The pan-Arab Arabiya news channel showed a family arriving

in Damascus by car from Jordan to meet their newly released son,

the elderly mother's voice breaking with emotion as she told the

interviewer he had been freed after 14 years.



Reuters was not immediately able to verify the locations of

some of the videos, though no one disputed that prisons were

opened across the country.







RELIEF AND TERROR



In what was purported to be the women's block at Sednaya

prison on the Damascus outskirts, perhaps the most notorious in

the country, a rebel recorded the moment he reached cells and

pulled open the doors for prisoners who seemed to have had

little idea they were about to be freed.



"May God honour you!" a woman shouted to the men freeing

her. As they left their cells a toddler could be seen walking

the corridor, having apparently been held in the prison along

with his mother.



"He (Assad) has fallen. Don't be scared," a voice shouts,

trying to reassure the prisoners that they faced no more danger.

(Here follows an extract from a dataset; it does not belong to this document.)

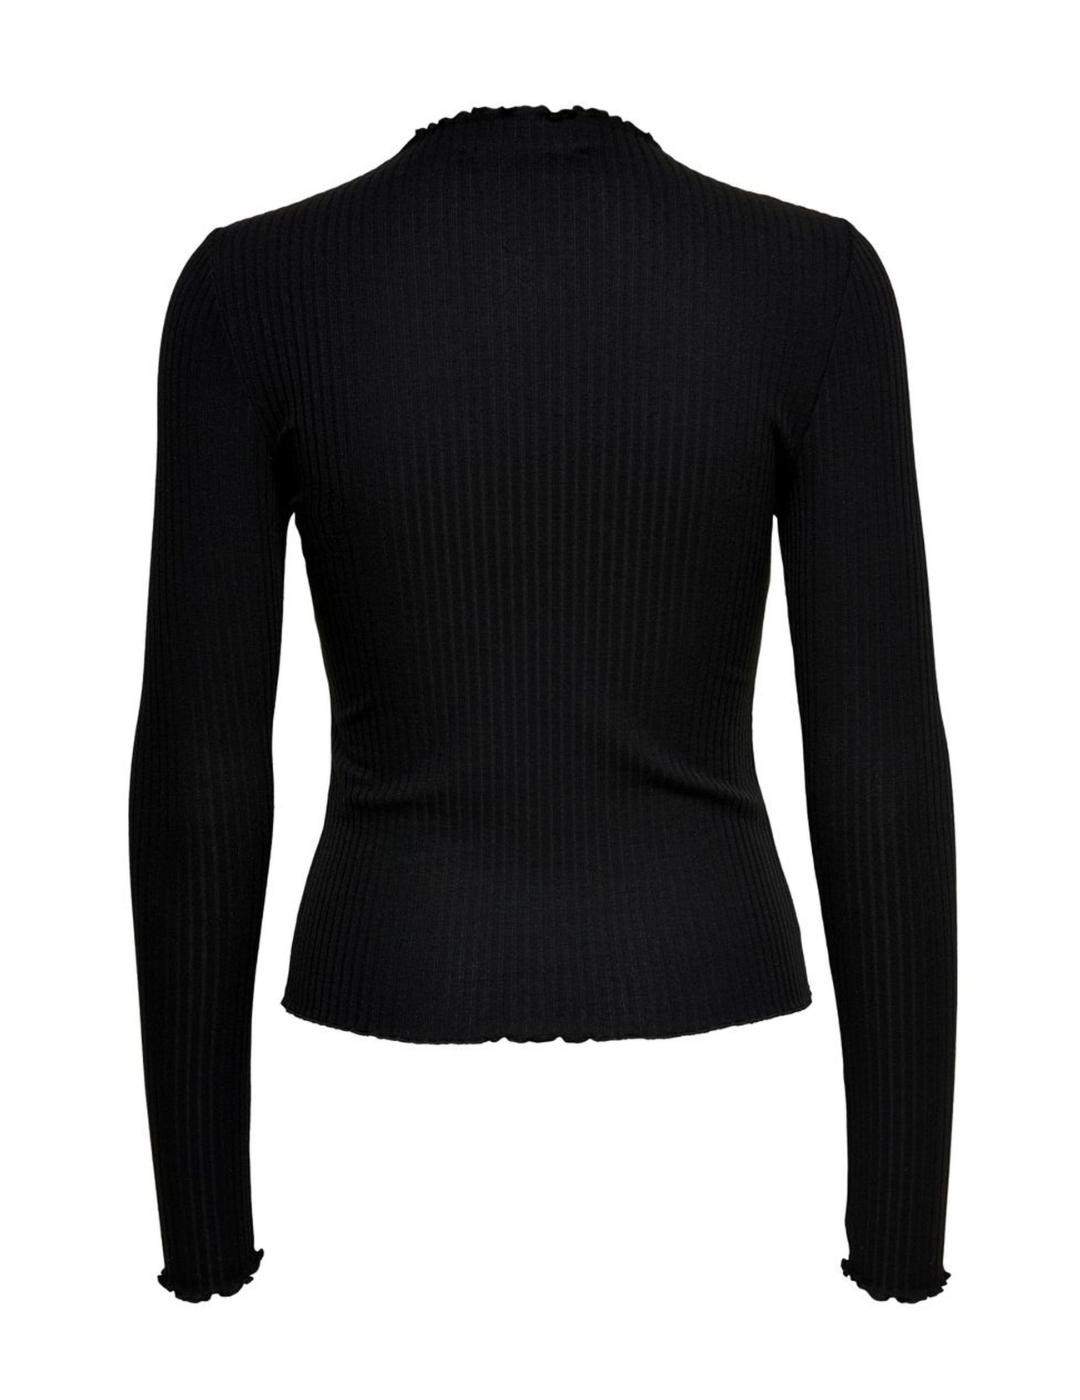 Camiseta Only Emma de canalé negra manga larga para mujer

In another video, a deafening roar erupted as rebels marched

down a corridor, said to be in the prison at Mezzeh air base

southwest of the old centre of Damascus. Prisoners leaned

through the bars at the top of doors and banged on the sides of

their cells as shouts of joy echoed all around.



One video showed a shaven-headed man squatting on his heels,

trembling and barely able to answer the rebels asking his name

and where he was from.



Over the years, thousands of Syrians were brusquely informed

by authorities that their relatives had been executed, sometimes

years earlier.



The United States said in 2017 it had evidence of a new

crematorium built at Sednaya especially to dispose of bodies of

thousands of inmates hanged during the war.



Some of the most disturbing information about Assad's prison

system came with thousands of photographs smuggled out of Syria

by a military photographer codenamed Caesar who defected to the

West in 2013.



His photographs of thousands of killed detainees showed

clear marks of torture and starvation and for many families

provided the first evidence that imprisoned relatives were dead.



A few miles from Sednaya early on Sunday, a stream of freed

prisoners was recorded walking towards Damascus, many lugging

sacks of belongings on their backs, and chanting "God is great!"